Another conversion option that falls somewhere between these two poles is Perl. A widely employed and well-documented programming language, Perl was designed expressly for the type of text manipulation that is required for conversion of existing finding aids to EAD. It has been used at several repositories by staff with an affinity for such technical undertakings. While one can purchase an introductory Perl manual in order to begin learning this programming language, be forewarned that it will take time to master Perl.
Advantages: Converters permit you to leverage existing machine-readable files and familiar software, provided that existing files are structured in a manner that will enable such transformation. By using the same software for creating inventories as you do for other office documents, you avoid the cost of a new suite of software. You also eliminate or substantially reduce the time required to learn a new application, thereby improving the likelihood of staff acceptance. There is an implicit assumption in such an ex post facto conversion scenario that the authors of documents will need only minimal, if any, knowledge of the underlying DTD structure. Also, since the original document was probably produced using a word processor, you avoid the need for additional steps to generate print copies for public use. Text conversion may be an effective approach for the encoding of legacy data already in electronic form and may also be suitable as part of your workflow for the production of new inventories.
Disadvantages: While staff costs (in terms of the overhead associated with knowing specialized software and the EAD DTD) are assumed up front during the authoring process when you use a native editor, similar overhead costs occur both before and after the fact with converters. First, source documents must be carefully formatted in advance to facilitate subsequent conversions. Development of the conversion routines themselves may involve an extended iterative design process. The conversion itself may prove more or less automatic, but manual intervention or post-conversion manipulation might be required. Some converters may be sensitive to variations occurring in source documents, either because the organizational structure of archival collections themselves vary or because of changes in finding aid formats over time. Programming adjustments may be required. Careful quality control review is necessary to insure that automated processes actually generate the desired output.
Eloquent Software's Gencat program is a proprietary DBMS that offers output of files in multiple formats, including EAD. Some archives have already written their own applications to export data from a database as EAD documents, but fairly advanced programming skills are required to do so. A potentially complex, yet extremely critical, issue in the design of such a database is the development of an architecture that supports the multilevel hierarchical structure of the components of an archival collection that is at the heart of EAD. Part of the challenge may lie in the fact that many archival database systems are very "flat," allowing only one or two levels of hierarchy to be expressed.

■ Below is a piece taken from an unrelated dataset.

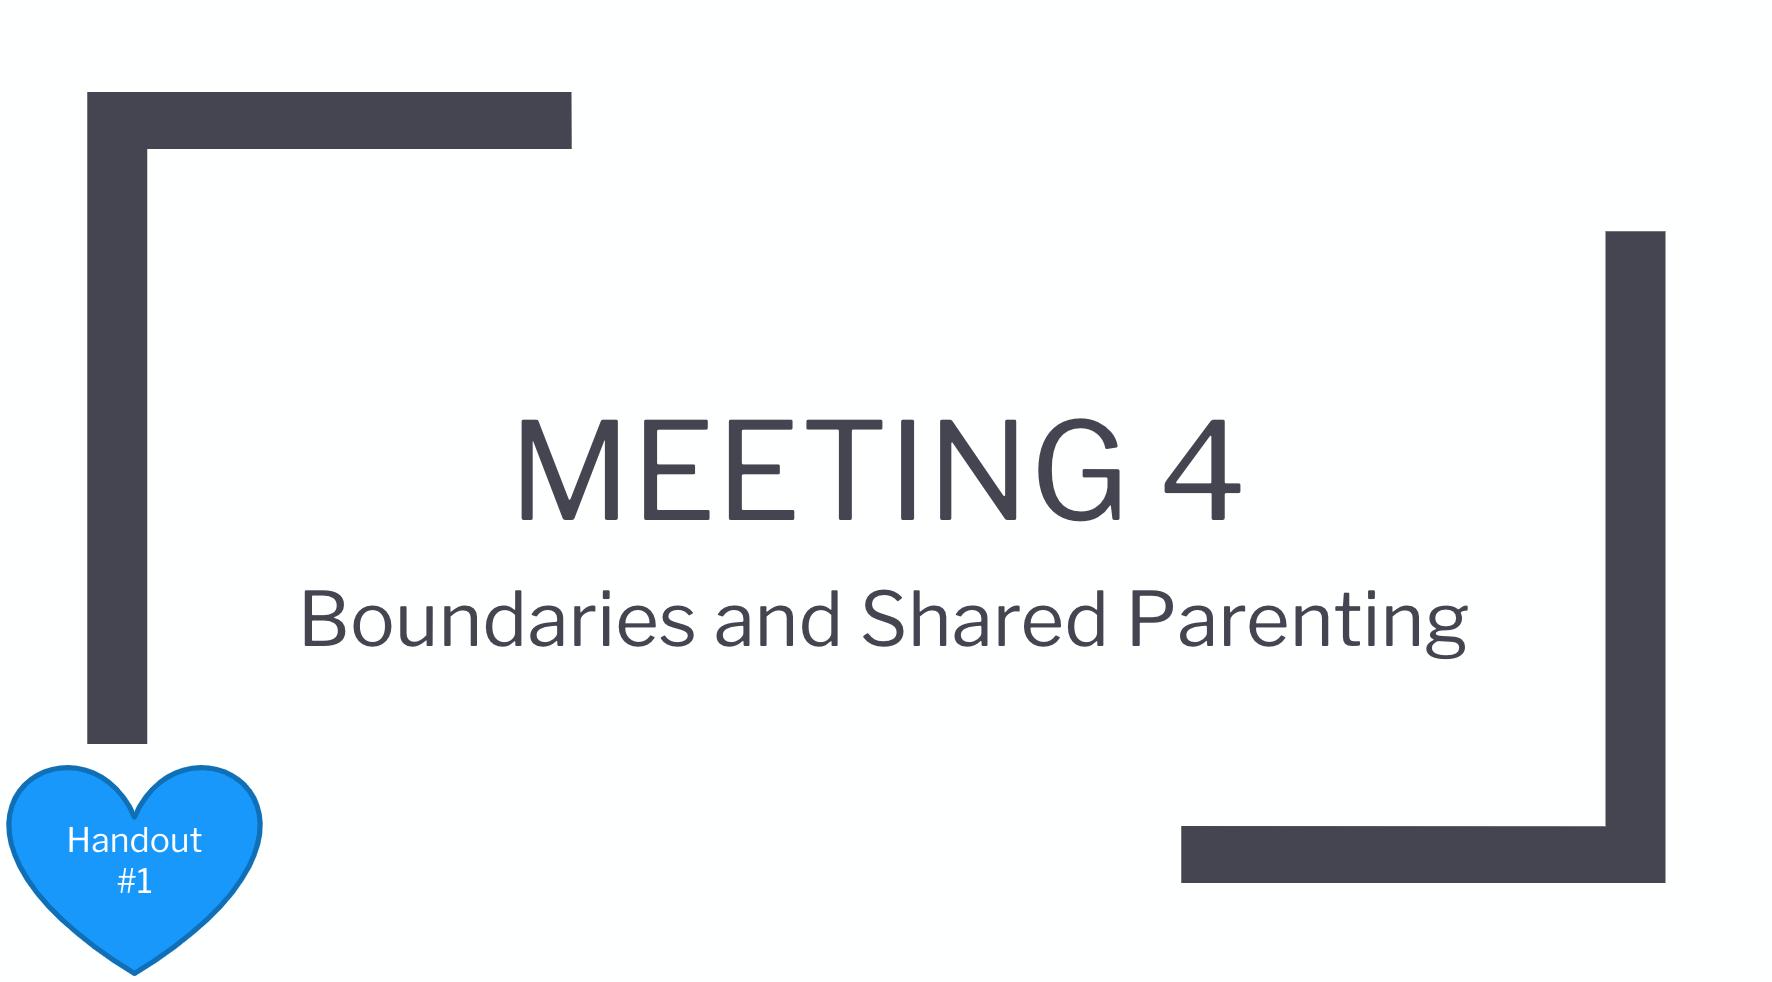 Meeting 4 Boundaries Shared Parenting
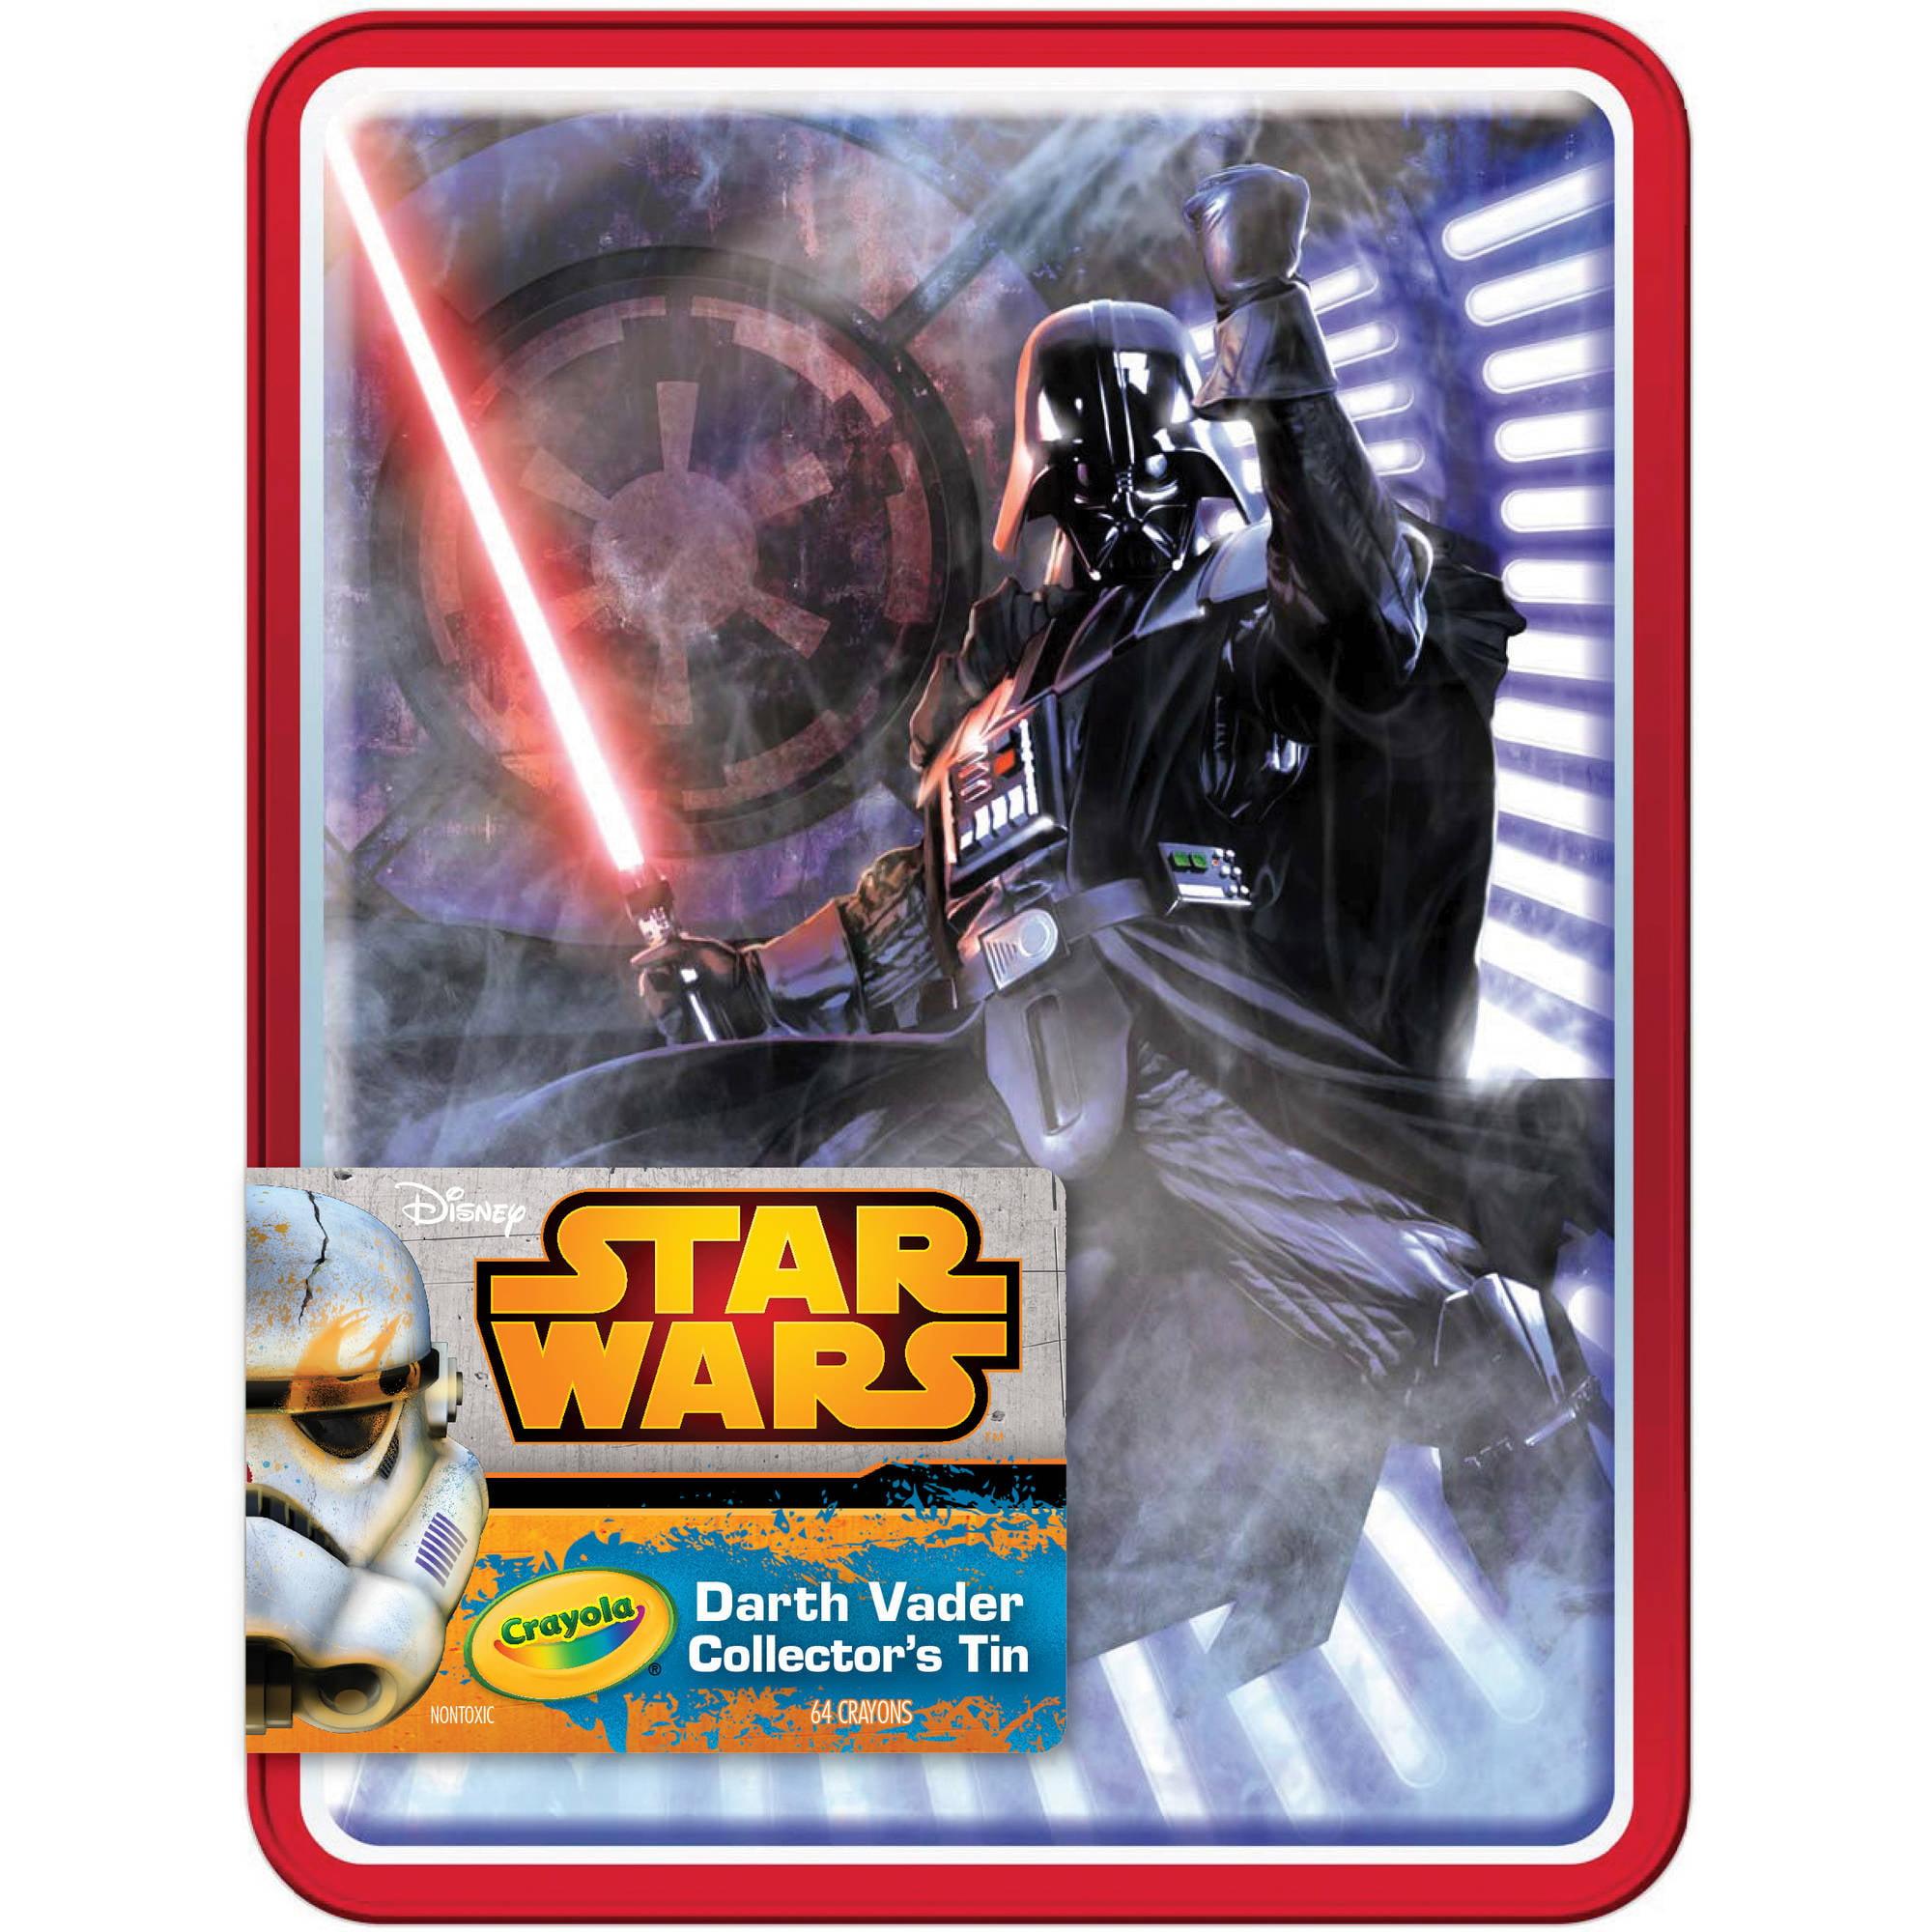 Star Wars Limited Edition Collectible Crayon Tin, Darth Vader with 64 Ct. Crayon

The use of databases may become more widespread and simpler to implement in the future when producers of relational databases such as Oracle, SyBase and others implement XML functionality into their products, as they have promised.
Advantages: Use of a DBMS may be advantageous for institutions with substantial investments in such applications. It may also be valuable for those needing to interchange descriptive metadata of the type found in EAD finding aids with other applications, such as collection management or records management systems.
Disadvantages: The programming required to implement such a database and export its data to EAD may required highly specialized training or skills. In addition, conversion of a "flat" database structure into EAD will fail to exploit some of EAD's power to express archival hierarchies.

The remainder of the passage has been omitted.